> Exercise objective: The material below holds pictures; leave them out, and copy exactly, and only, the lines from the one with "This 3-Foot \'Nightmare" through the last.

> Given data:
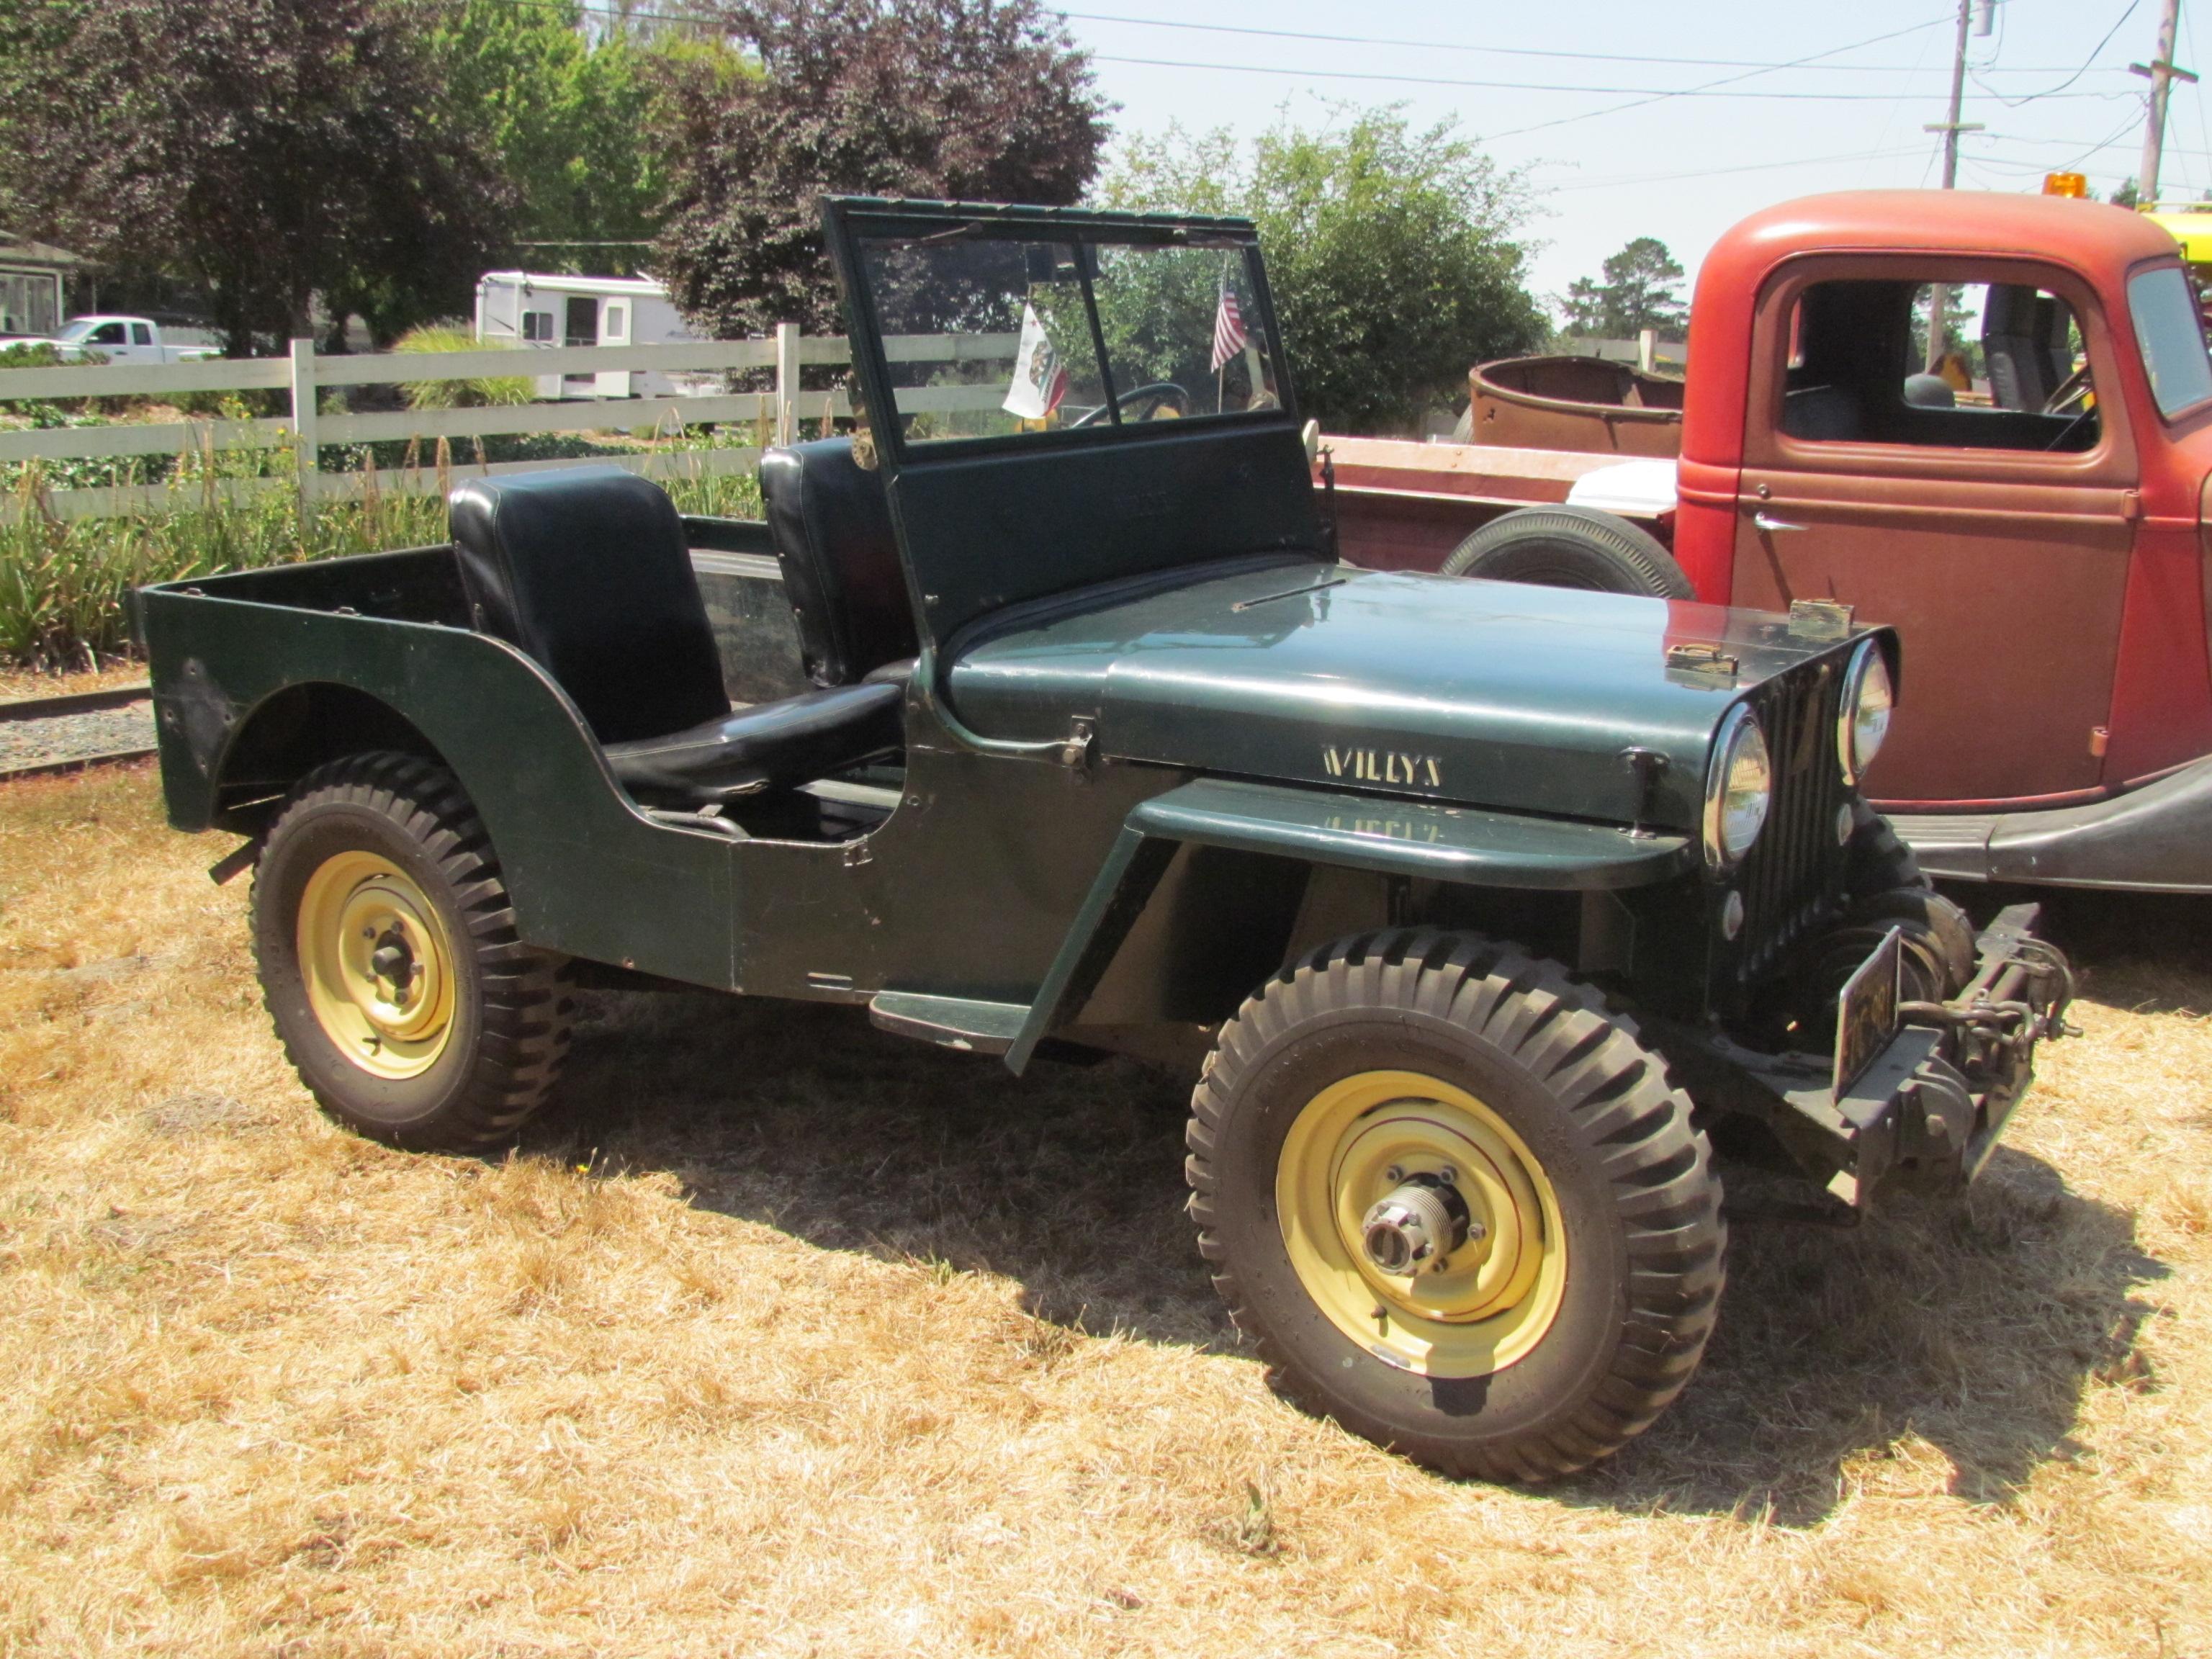 History and Evolution of the Jeep CJ
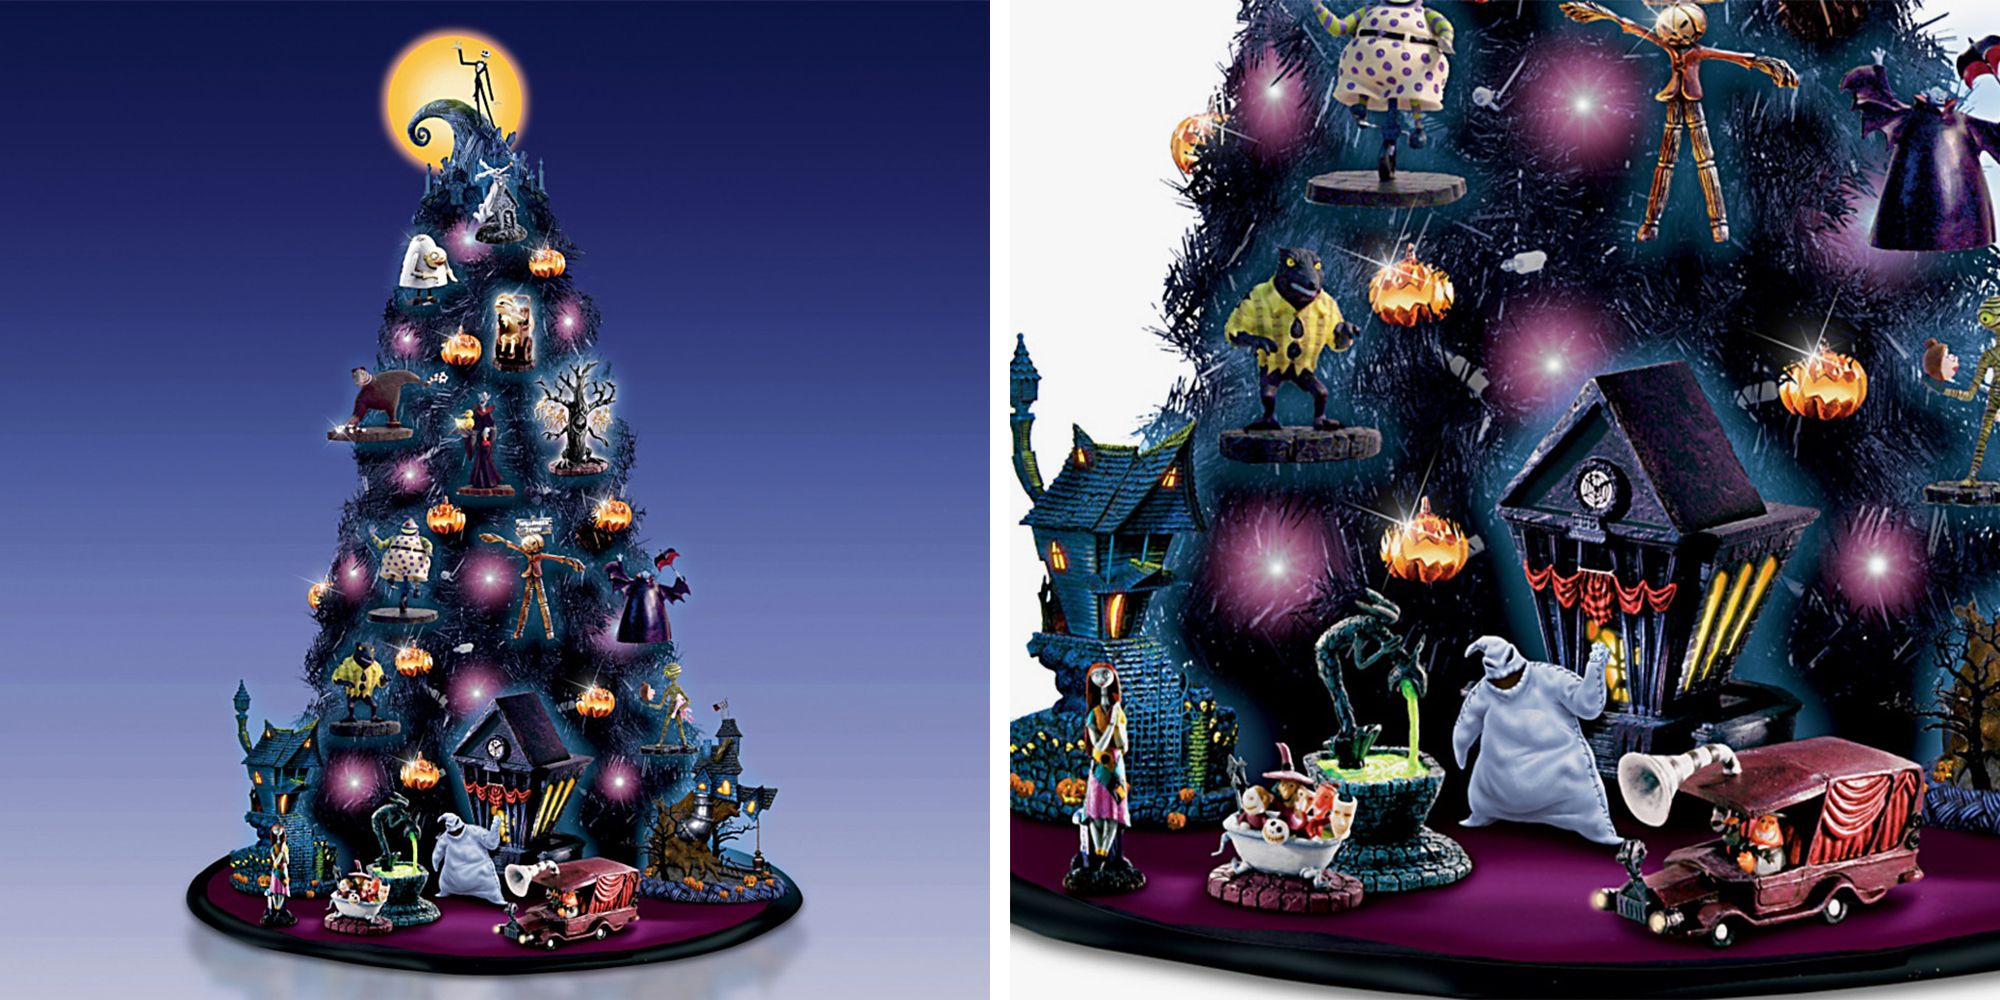 This 3-Foot \'Nightmare Before Christmas\' Tree Is Covered in Purple ...
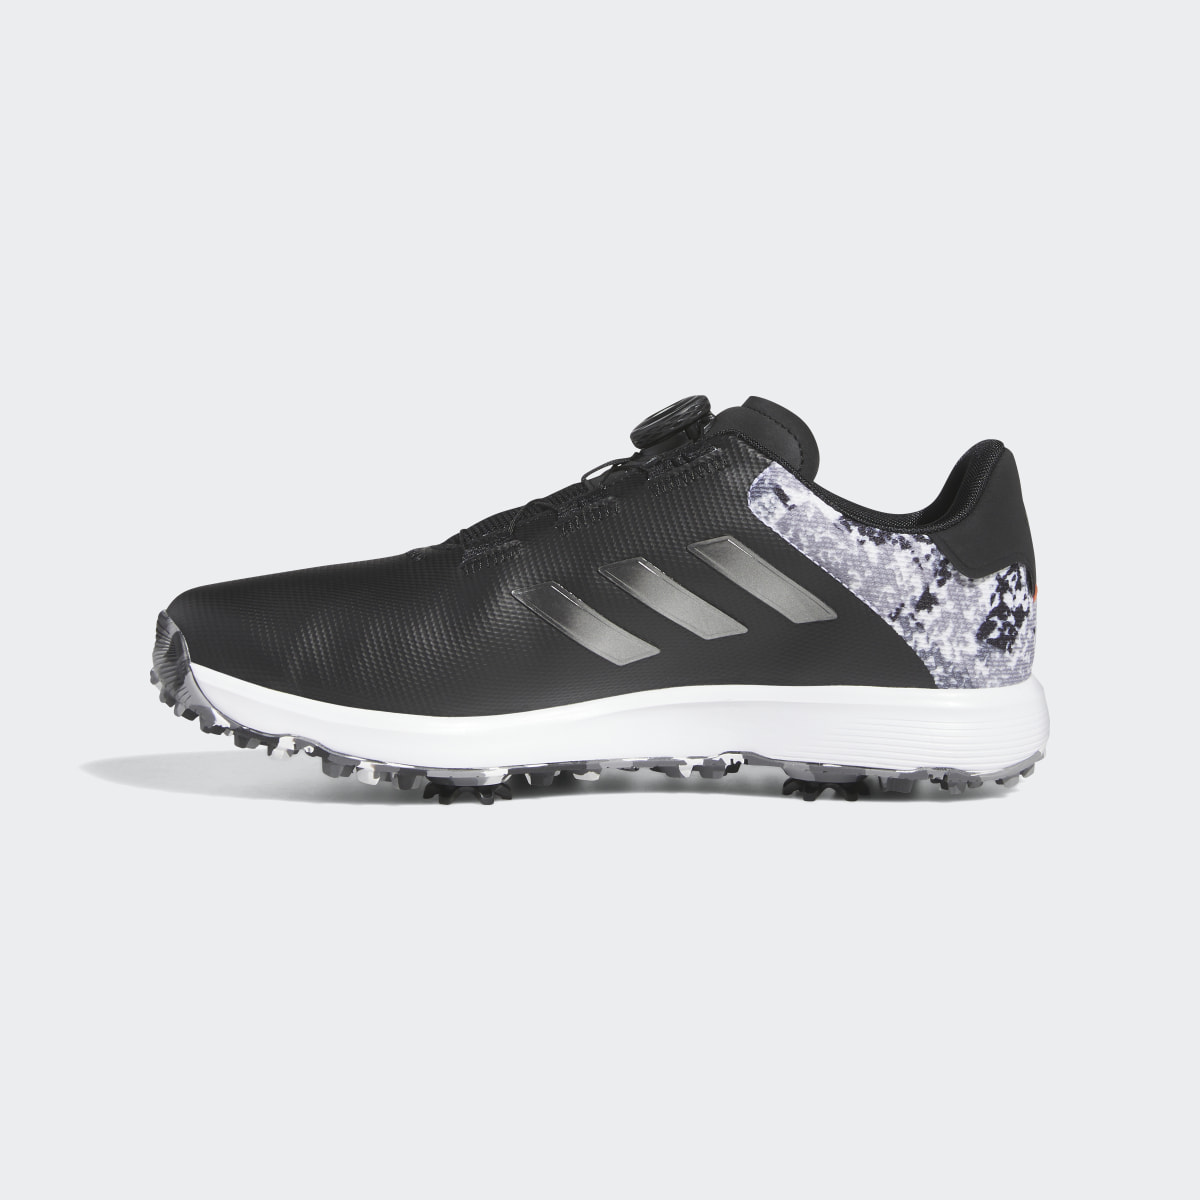 Adidas S2G BOA Wide Golf Shoes. 7

> Result for this exercise:
 This 3-Foot \'Nightmare Before Christmas\' Tree Is Covered in Purple ...
 Adidas S2G BOA Wide Golf Shoes. 7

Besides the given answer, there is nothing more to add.